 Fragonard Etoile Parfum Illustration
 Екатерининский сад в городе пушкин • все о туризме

# # #

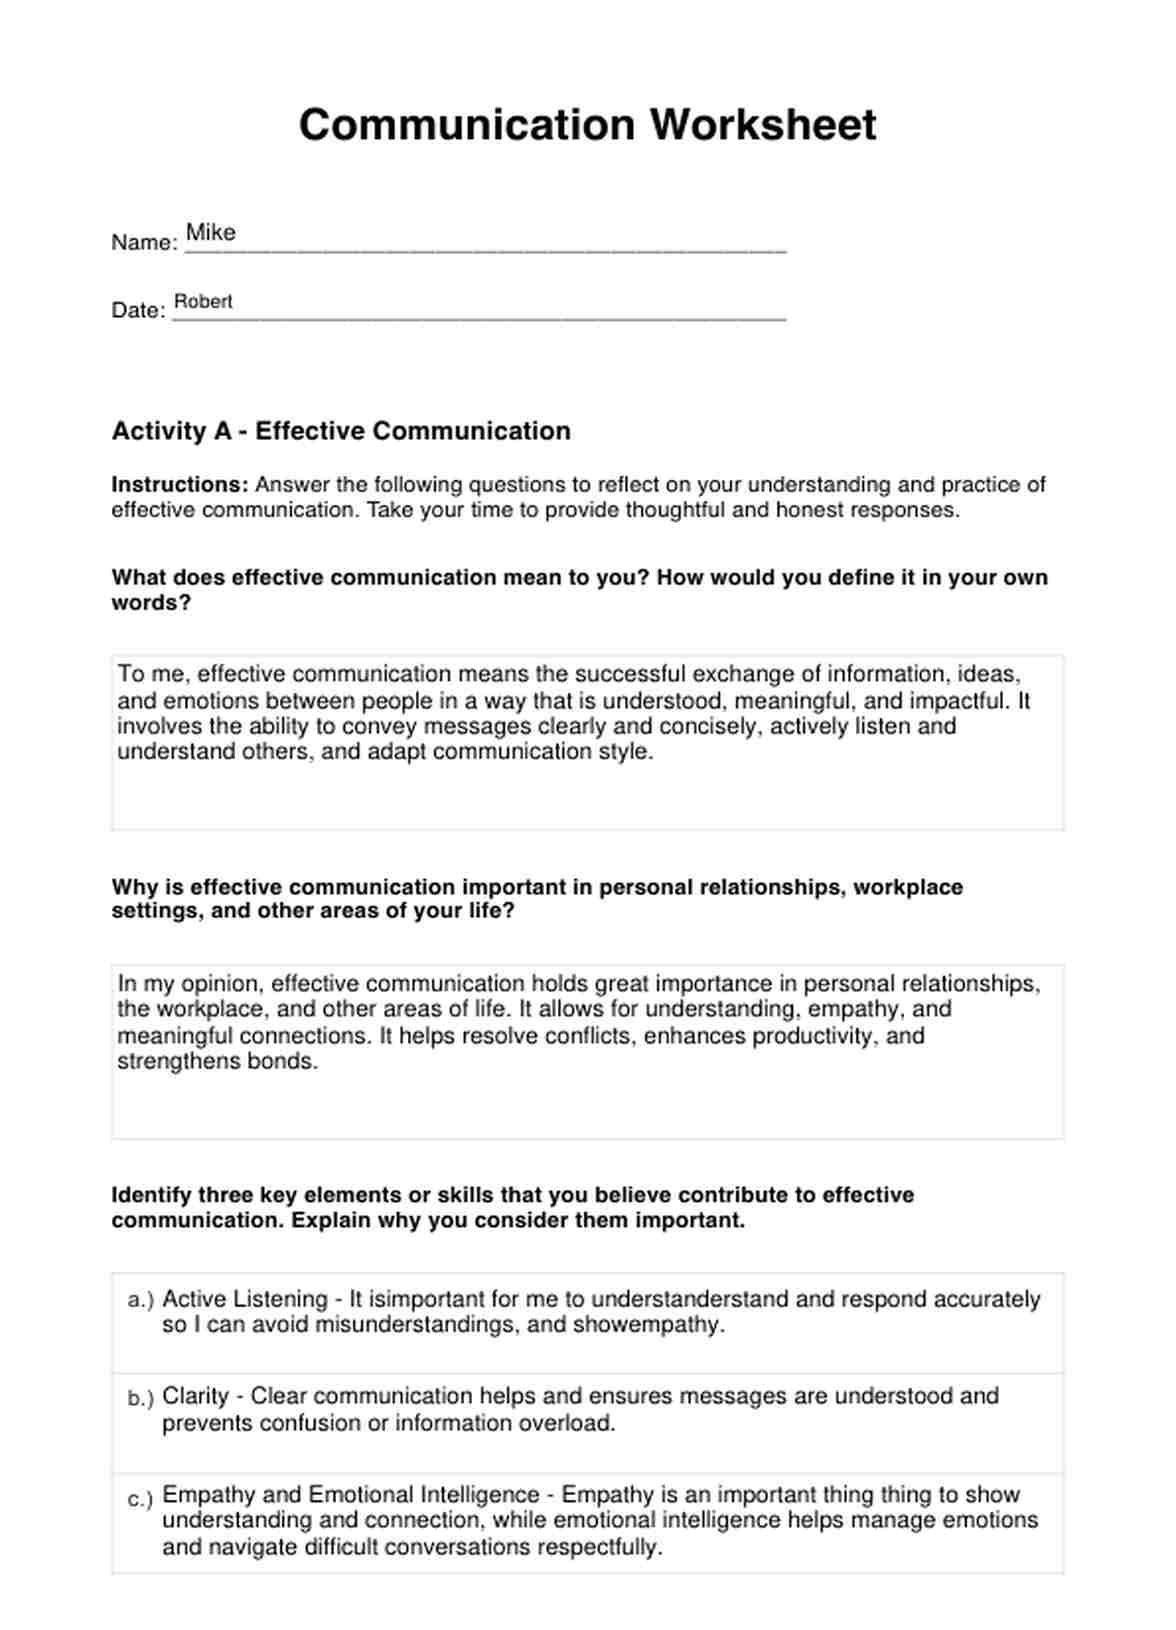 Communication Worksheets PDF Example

# # #

● ACTIVITY: Working from the material above, restate word for word the lines between the line with "Fragonard Etoile Parfum Illustration" and the line with "Екатерининский сад в", both included, and only those.

● WRITTEN RESPONSE:
 Fragonard Etoile Parfum Illustration
 Екатерининский сад в городе пушкин • все о туризме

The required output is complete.